Esto sucedió en todos los niveles de la escala social. En el fondo de esta escala había vagabundos, mendigos, holgazanes y desarraigados. Había hombres y mujeres que buscaban una vida mejor —y algunos que buscaban víctimas para engañar. Pero claramente los hombres estadounidenses (y algunas mujeres) constituían un grupo que no podía quedarse quieto, y que vivía en una sociedad que en sí misma era inquieta. Esto también era así en otras sociedades; como los italianos que acudieron en masa a Argentina; los campesinos que llegaron a la ciudad de México desde sus pueblos; los inmigrantes del extranjero que se establecieron en Canadá, Australia y Nueva Zelanda; o la gente del campo que llenaba las calles de Londres. La migración interna —de los pueblos a las ciudades, de las tierras de cultivo a los barrios marginales urbanos— era tan importante como la migración de un país a otro.
Por lo tanto, la movilidad tiene un significado que va más allá del simple cambiar de casa, calle, ciudad, o estado.

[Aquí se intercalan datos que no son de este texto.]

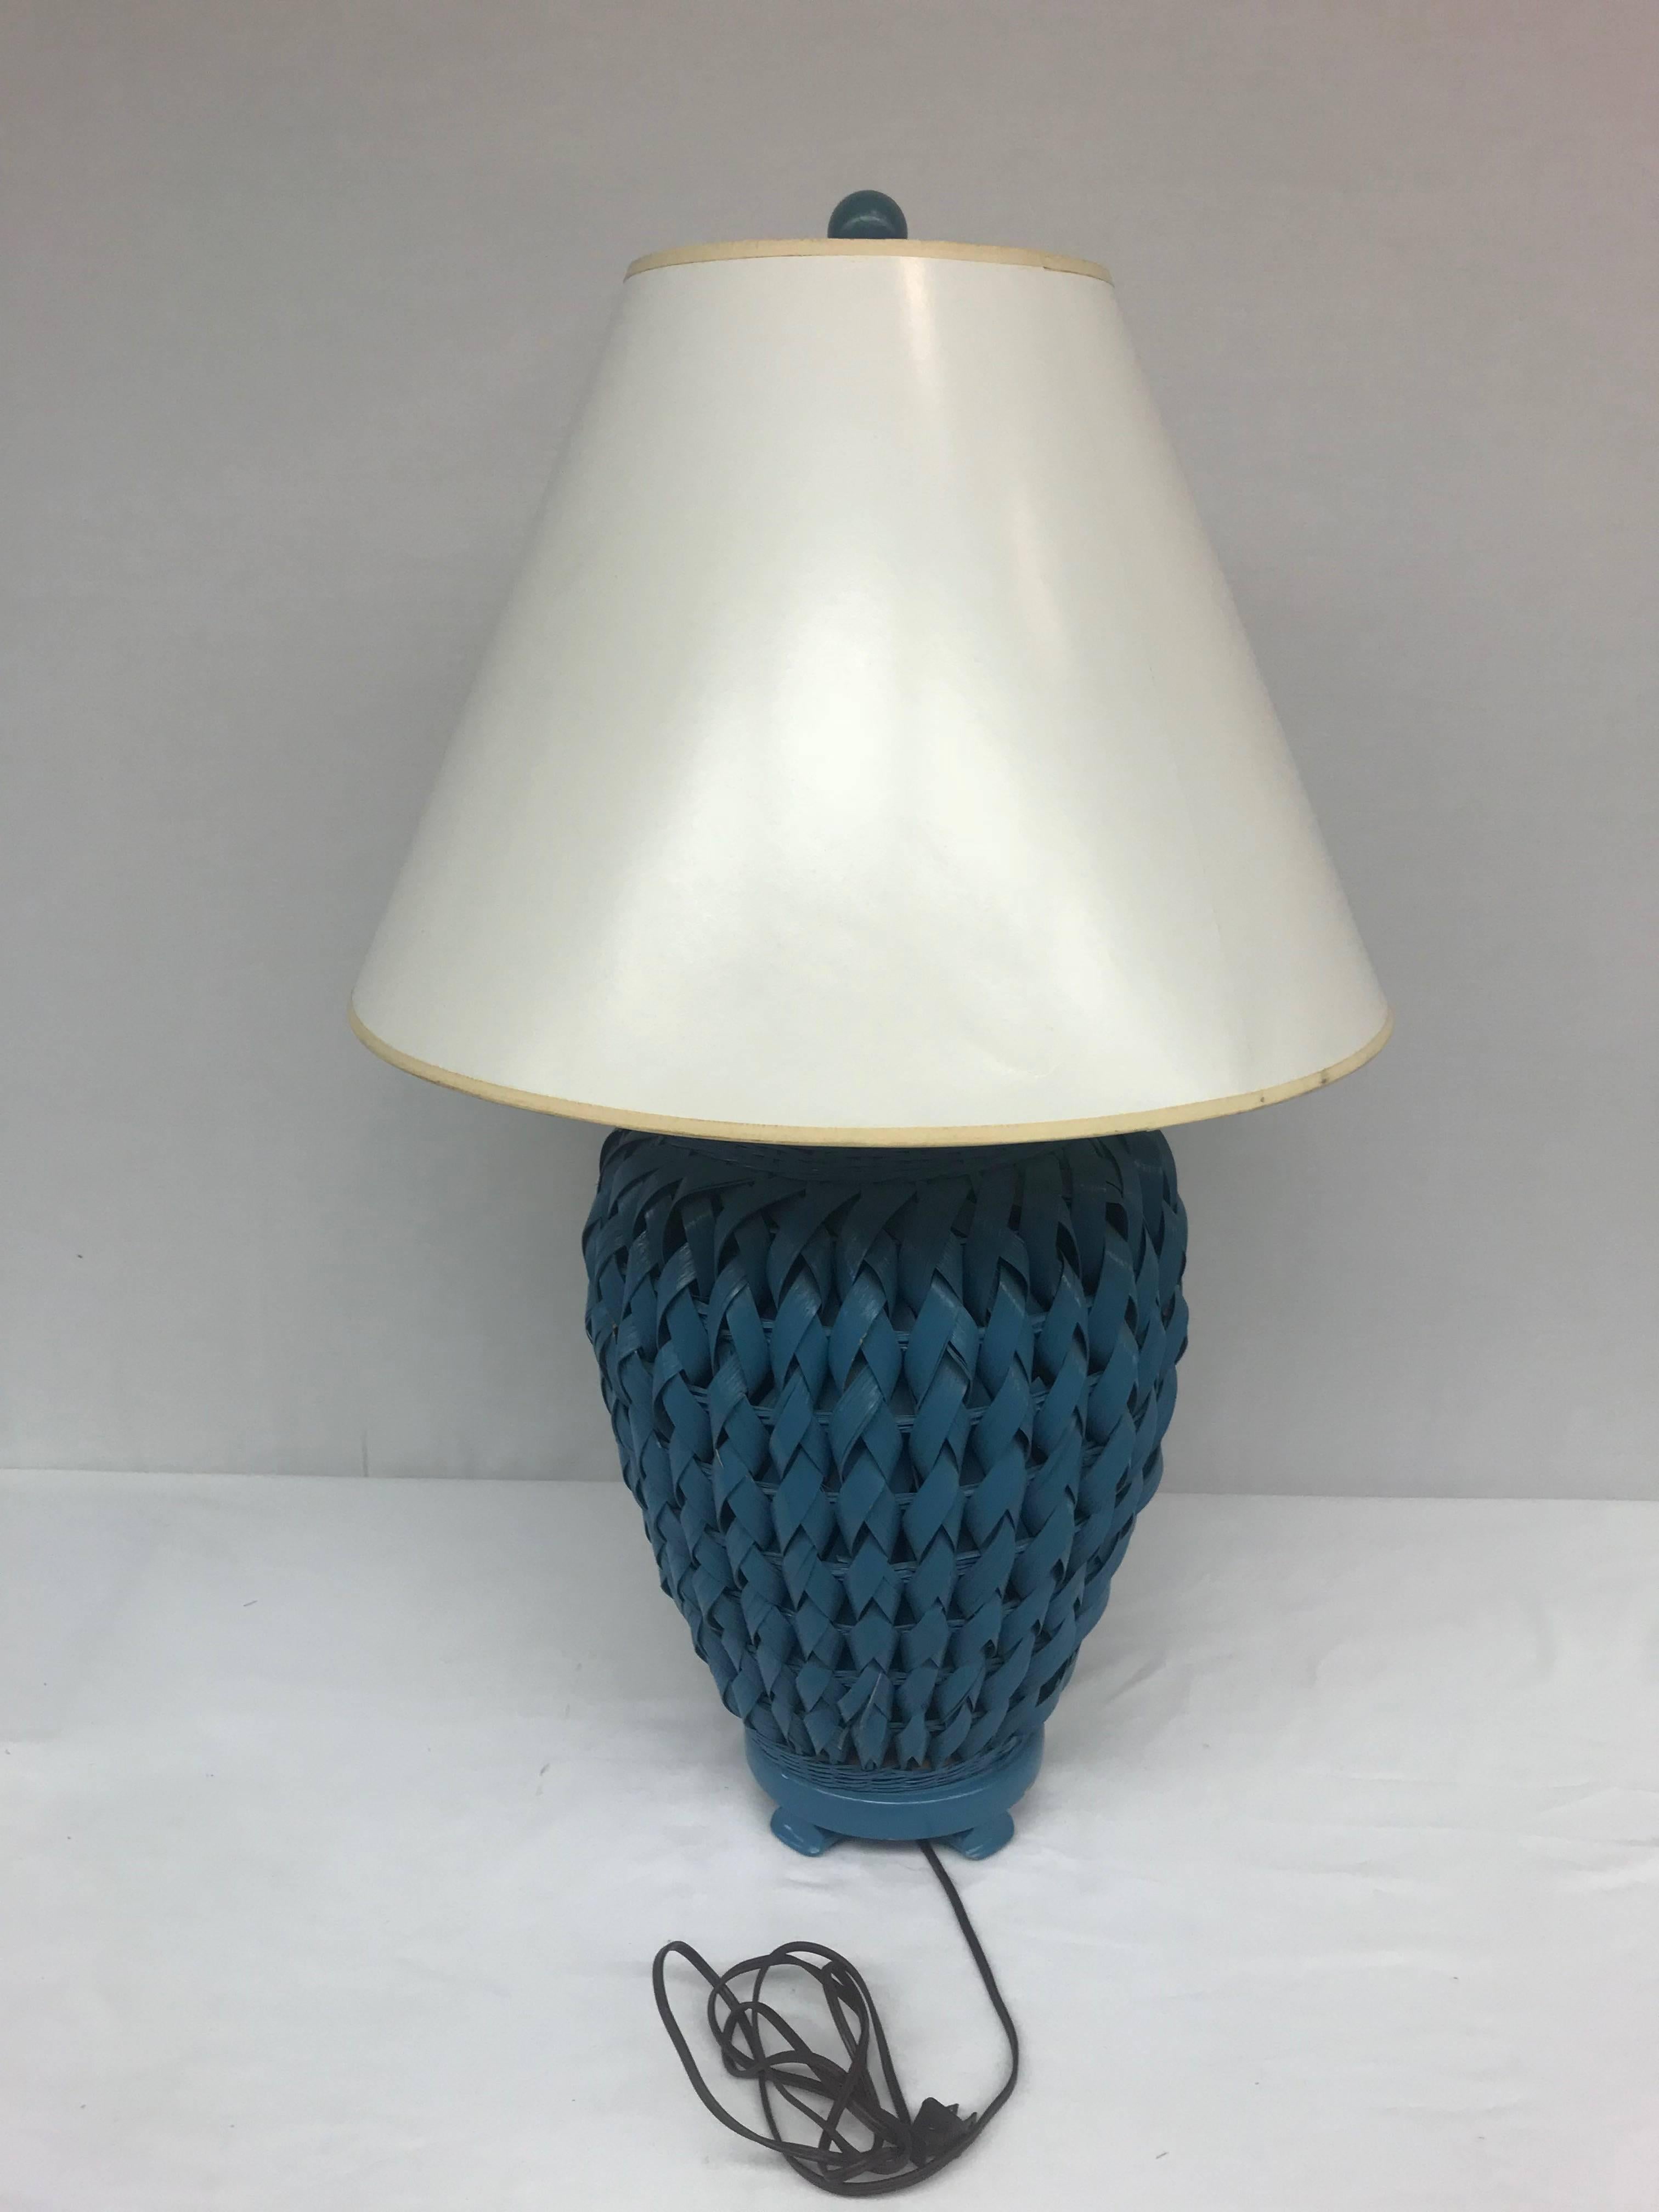 Blue Woven Wicker Table Lamp with Lacquered Shade In Good Condition For Sale In High Point, NC

La movilidad también significa movimiento en el espacio social: movimiento hacia arriba y hacia abajo, en términos de nivel y estatus. En el mundo moderno —el mundo en el que vivimos— el nivel, el estatus, y la posición social de una persona no están totalmente fijos al nacer, en comparación a como ocurría en las sociedades pasadas. En los viejos tiempos, un noble nacía, vivía y moría noble; un plebeyo lo mismo. Desde el comienzo de la revolución industrial, en Europa y América del Norte, la posición y el estatus se volvieron (relativamente hablando) más fluidos y flexibles. En Estados Unidos, que ya era algo atípico, no había distinción entre nobles y plebeyos, y, por supuesto, no había rey. La Declaración de Independencia anunció que todos los hombres fueron “creados iguales”. Esta fue, en ese momento, una declaración revolucionaria. No obstante, no se entendió literalmente. Ciertamente nunca se aplicó a los esclavos, o incluso a los negros libres; ni para las mujeres, o los miembros de las tribus nativas. Esto es obvio. Pero incluso para los hombres blancos, incluso si ellos fueron creados iguales (lo que sea que eso signifique teológicamente), ciertamente no fueron iguales desde el momento en que fueron ‘depositados’ en la Tierra. Estados Unidos tenía su propio conjunto de marcadores de estatus. Había ricos y pobres; estaban los educados y los no educados. Había hombres que trabajaban con sus manos y hombres que trabajaban con sus mentes. No obstante, había más ‘igualdad’ en los Estados Unidos que en Inglaterra o en el continente europeo, y mucho más que en China o África.